### WHAT IS NEEDED
Your job is to return the whole listing unchanged while skipping its images.

+++ AVAILABLE DATA

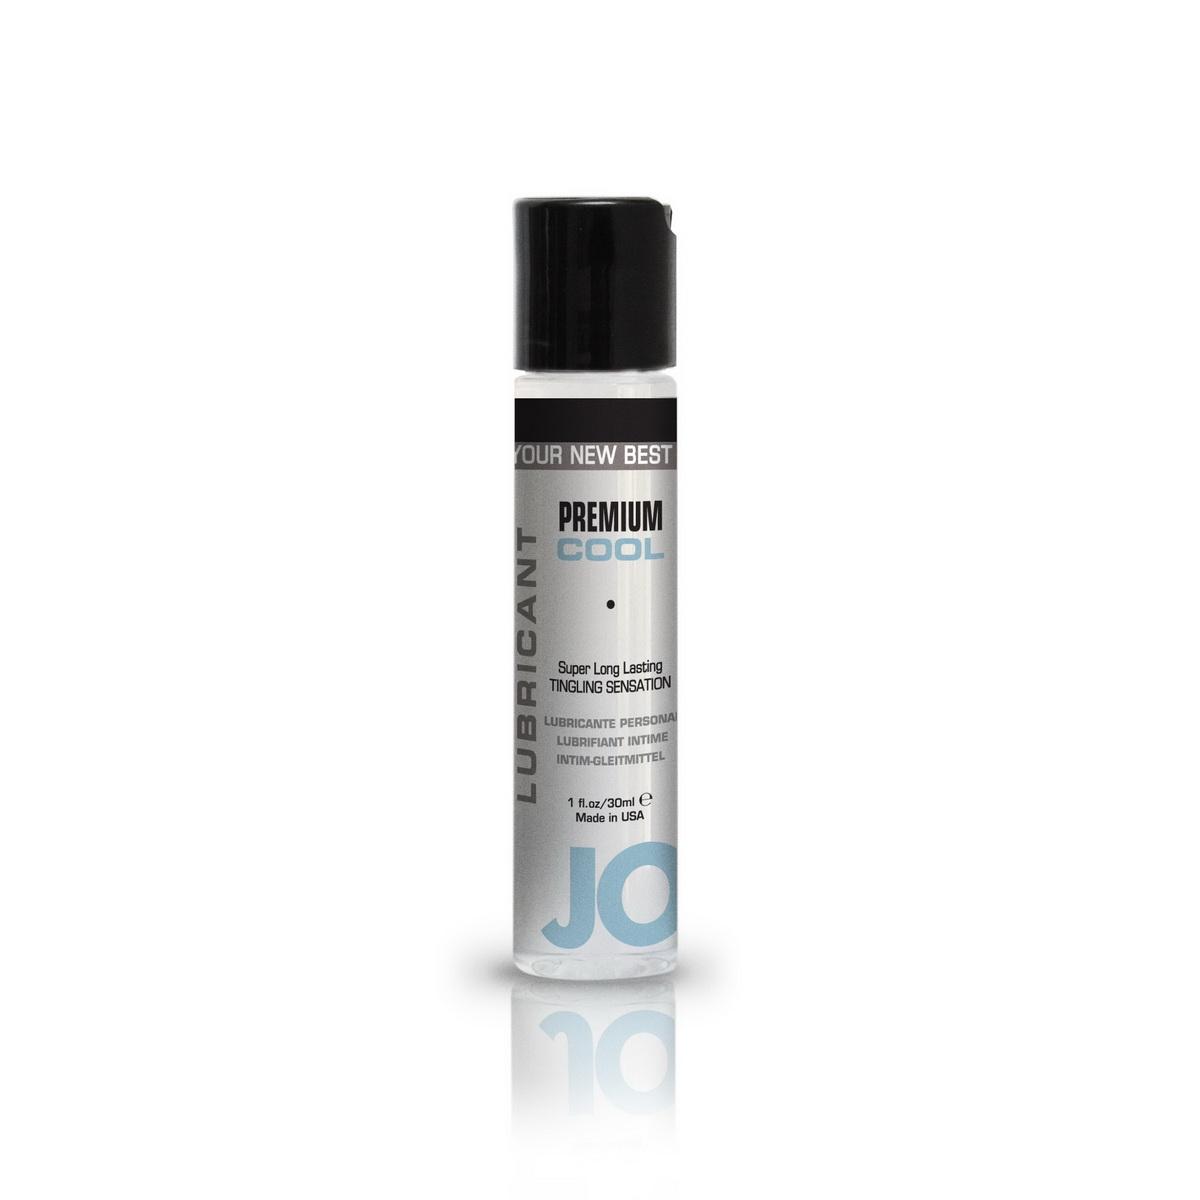 Silikonový chladivý lubrikant JO (30 ml)
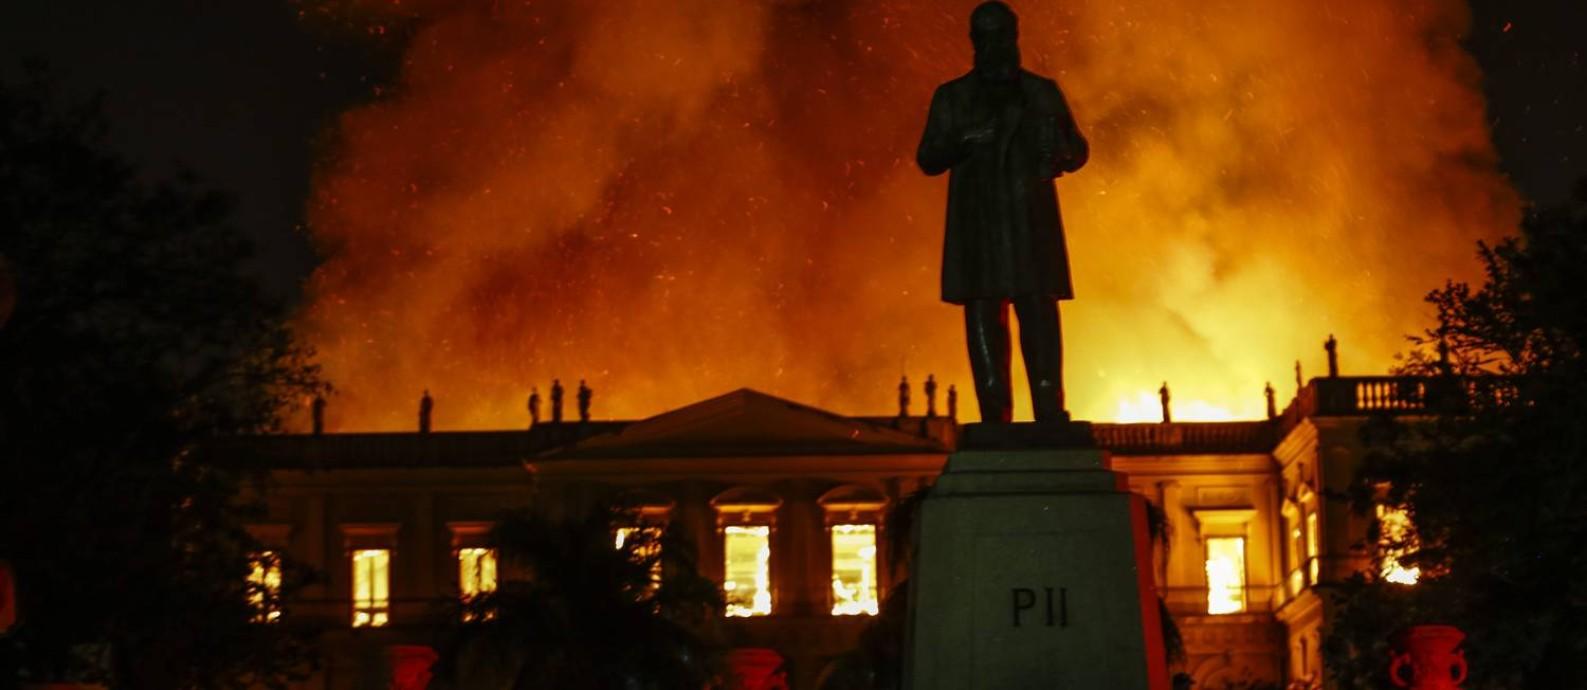 Museu Nacional na Quinta da Boa Vista pega fogo Foto: Uanderson Fernandes / Agência O Globo
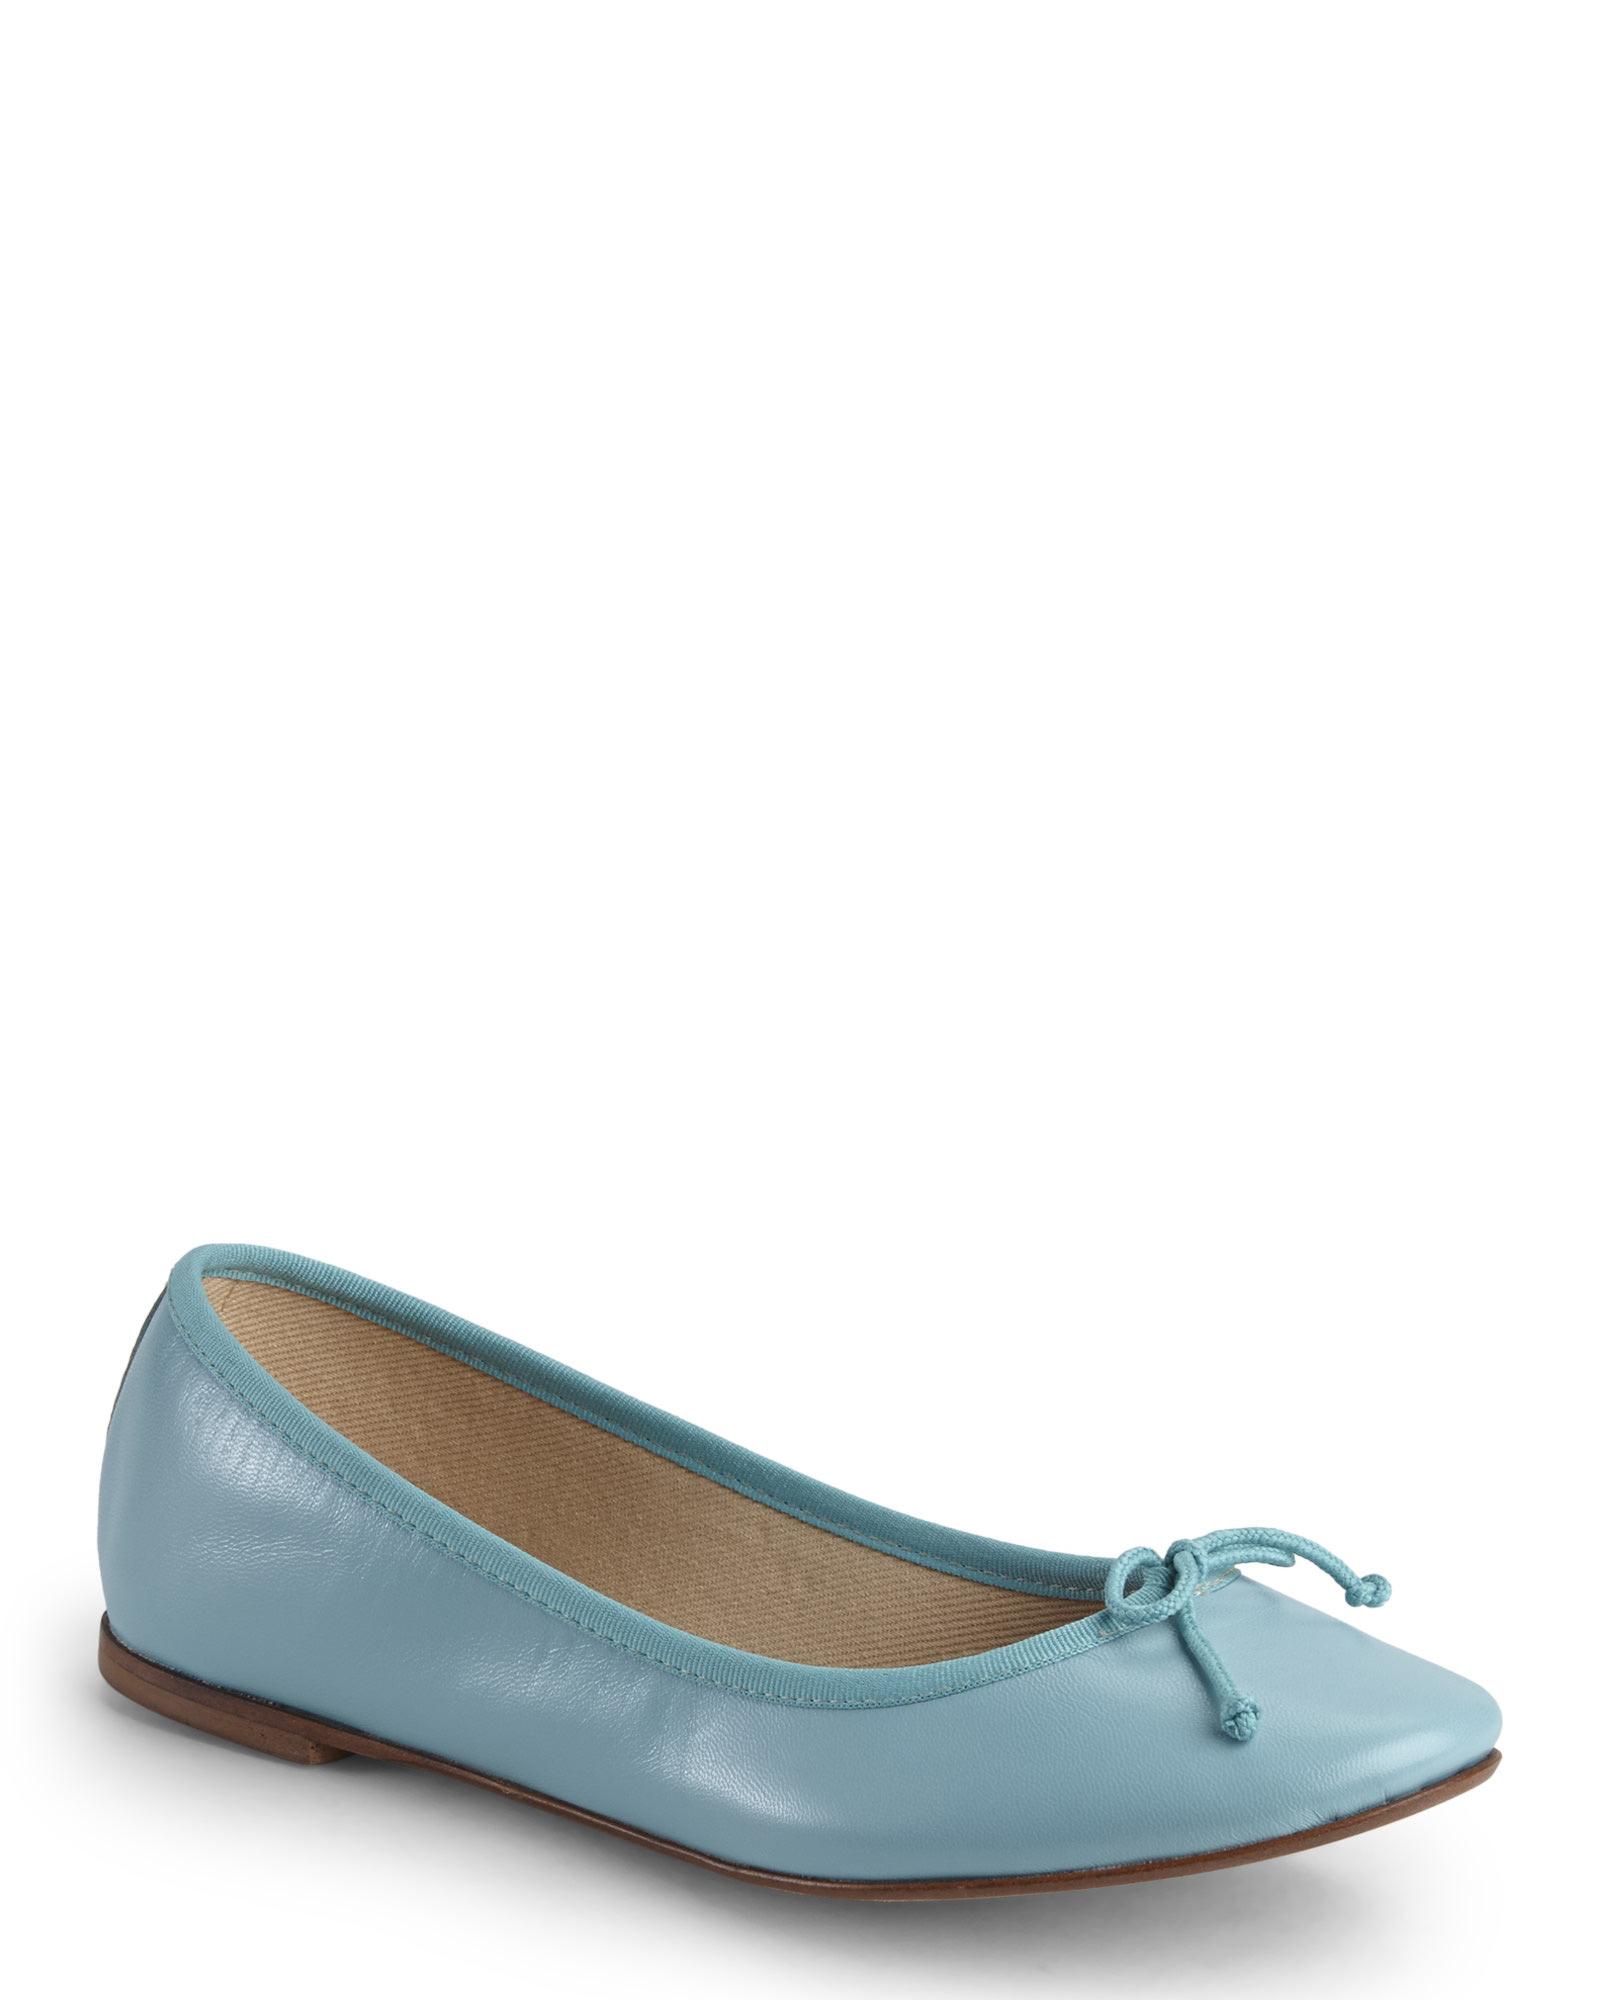 a039ff294df Lyst - L Autre Chose Light Blue Ballet Flats in Blue

++++++

### RESPONSE AREA
 Silikonový chladivý lubrikant JO (30 ml)
 Museu Nacional na Quinta da Boa Vista pega fogo Foto: Uanderson Fernandes / Agência O Globo
 a039ff294df Lyst - L Autre Chose Light Blue Ballet Flats in Blue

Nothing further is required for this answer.